Pay the Ghost is a fun movie, imaginative and disturbing. It was based off of a novella by Tim Lebbon, whom I've never read before but deserves great respect for being a successful writer. The film has one great strength that makes it worth watching and one titanic weakness that almost made me turn it off. I'm glad I didn't.

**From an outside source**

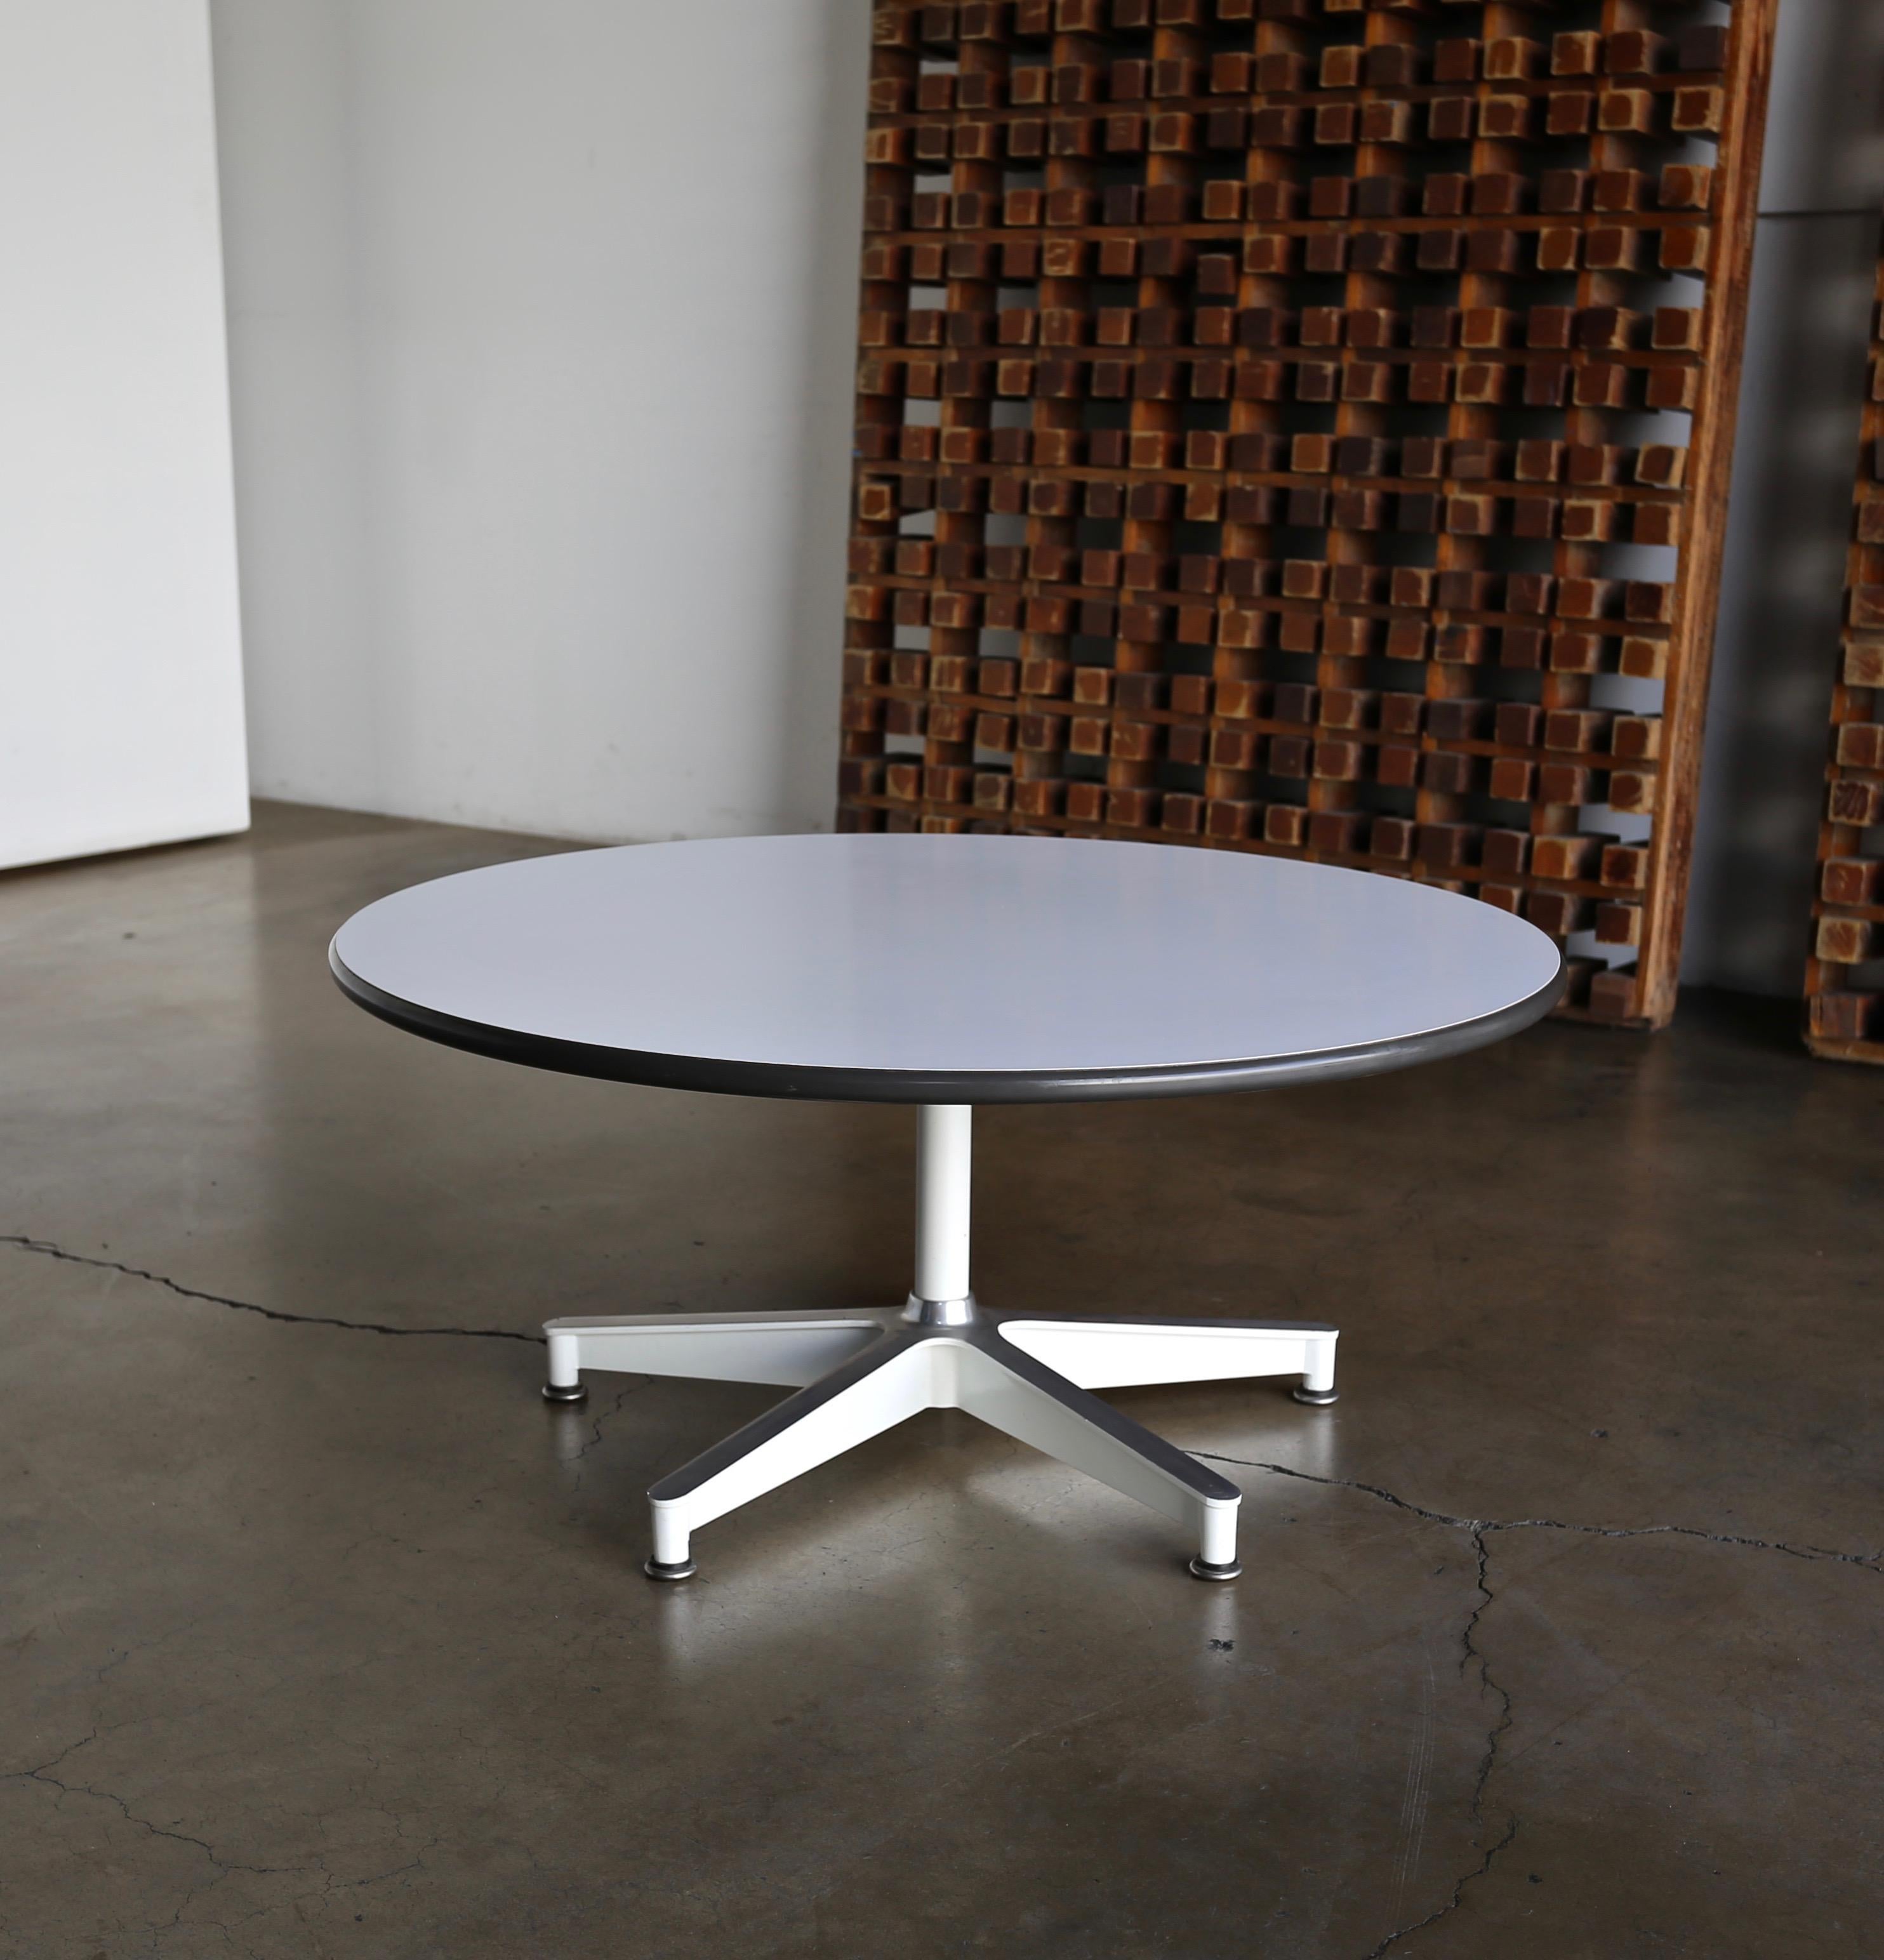 Charles Eames coffee table or side table for Herman Miller circa 1960.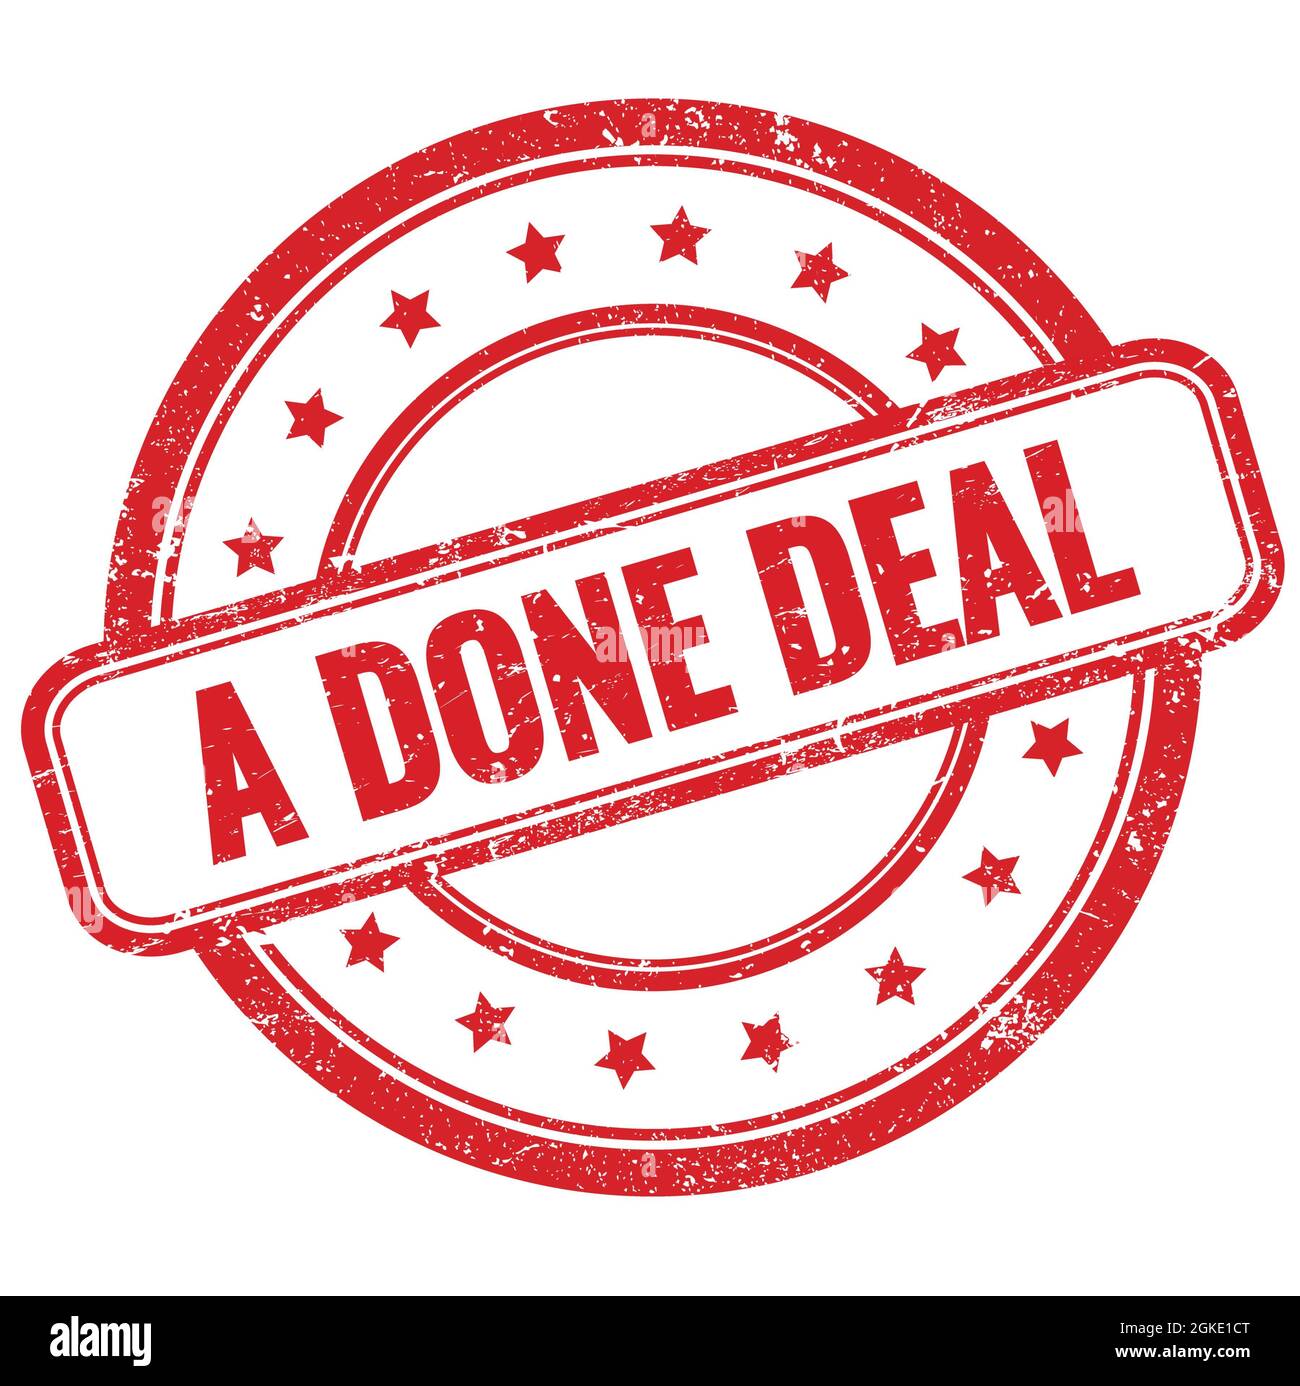 A DONE DEAL text on red vintage grungy round rubber stamp. Stock Photo

The strength is in the portrayal of how Mike (Nic Cage) and Kristen's (Sarah Wayne Callies) son Charlie goes missing. You know what's going to happen, but it doesn't lessen the tension in the lead-up, the panic in the event, and the grief afterward. As a parent, it becomes very easy to identify with the loss of a child: every missing or kidnapped child becomes your own, if only for a moment. That part was very well done. Callies always seems to take thankless, unlikable roles, like the doctor in Prison Break and Lori in The Walking Dead: it's not her performance that makes you dislike her, but the writing. This unlikability carries over in Pay the Ghost, where her character Kristen immediately blames Mike for losing the boy, and even later, in the aftermath, continues to hold him responsible.

The addition of a sexy German folklore professor played by Veronica Ferres and harried cop played by Lyriq Bent didn't do a lot for the film's plot or interest: both could have been fleshed out a little more. Stephen McHattie had a great little cameo as a blind homeless man (a sentence that both amuses and depresses in equal measure).
Overall, though, I enjoyed the movie and recommend it. 3.5 out of 5 stars.